Founder
TelePrompTer Corporation
Originally, I didn’t know what cable was and I wanted a place to experiment with pay TV…. When we got there, we began to see opportunities.
For much of his life, Irving Kahn remained at the hub of a cable industry that was just spinning into focus in the 1950s. He helped to invent the teleprompter, turning the device into a staple of the entertainment and political presentation industry and adding a new word to dictionaries of the world. Later, the same word would be associated with the largest cable operating company in the U.S., an enterprise Kahn began building in 1959.
Toward the latter part of his career, the resilient Kahn launched many companies that sprang from his cable background: BroadBand Communications Inc., to secure films and other programs for pay cable; Choice Cable Corp., a 55-franchise system in southern New Jersey utilizing fiber optics that he eventually sold to the New York Times in 1980 for $100 million; Times Fiber Communications, to develop fiber optics; and General Optronics Corp., to manufacture laser diodes for use in fiber optic systems.
The only son of Russian immigrants, Kahn grew up in a home where his parents’ lack of formal education did not dampen an intense interest in the arts. Influenced by his father’s affinity for poetry and physics and his mother’s for Shakespeare and literature, Kahn developed an insatiable and passionate curiosity, a characteristic that propelled him through life.
His bravado earned him another role after college as a press agent for bands, and in the late 1930s for 20th Century Fox in film and radio promotions. After serving in the U.S. Air Force during World War II, he rejoined Fox, and demonstrated a knack for keeping his hand on the door knob in anticipation of opportunity’s knock.
Kahn enlisted the engineering expertise of colleague Hubert J. Schlafly. By 1951, after numerous prototypes, delays and financing snags, they launched TelePrompTer Corp. The device that displayed script lines and cues for public speakers and actors led to adaptations for use in telecasting big-screen closed circuit events such as boxing matches and auto races.
In 1960, Kahn made waves at the National Cable Television Association convention in Miami, where he treated attendees to the live, closed-circuit showing of the title-fight between Floyd Patterson and Ingemar Johansson. An estimated 25,000 cable subscribers in 13 cable systems around the country were paying $2 each for the same showing.
Among the challenges Kahn faced in his life was a felony conviction in the late 1960s for bribing city officials in Johnstown, Pennsylvania. He admitted the payments, but said they were extorted from him for a cable franchise renewal. He served 19 months of a five-year sentence, but staged a memorable comeback upon his release.

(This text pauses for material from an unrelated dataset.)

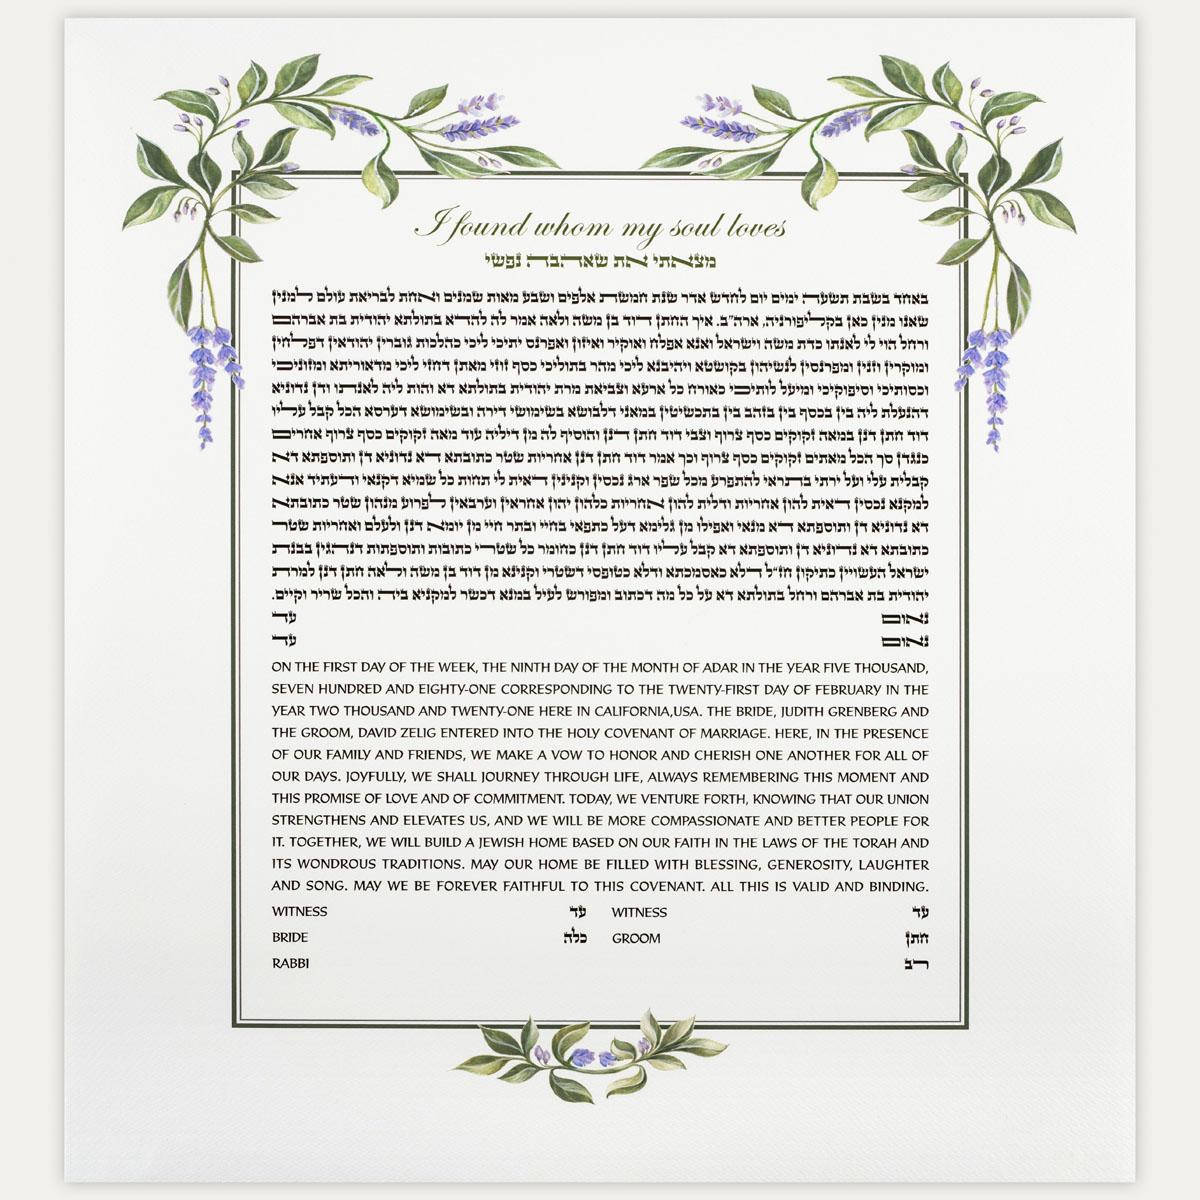 Jewish marriage vows

Bill Bresnan, who became president of TelePrompTer’s cable division after it merged with Jack Kent Cooke’s H & B American Corp., and who today is president of Bresnan Communications, remembers Kahn as “provocative and bombastic, a rough-and-tumble kind of guy with plenty of sizzle. He was a visionary who made people think about where the industry was going.”
As a futurist, Kahn realized that cable television was more than a one-track medium. “Cable,” he reflected prophetically in 1987 while taping his oral history for The Cable Center and Museum, “is not the right word anymore. You have a variety of technologies, like coincidence of design, totally unrelated to cable, that have forced the development, causing a total blending of communications.”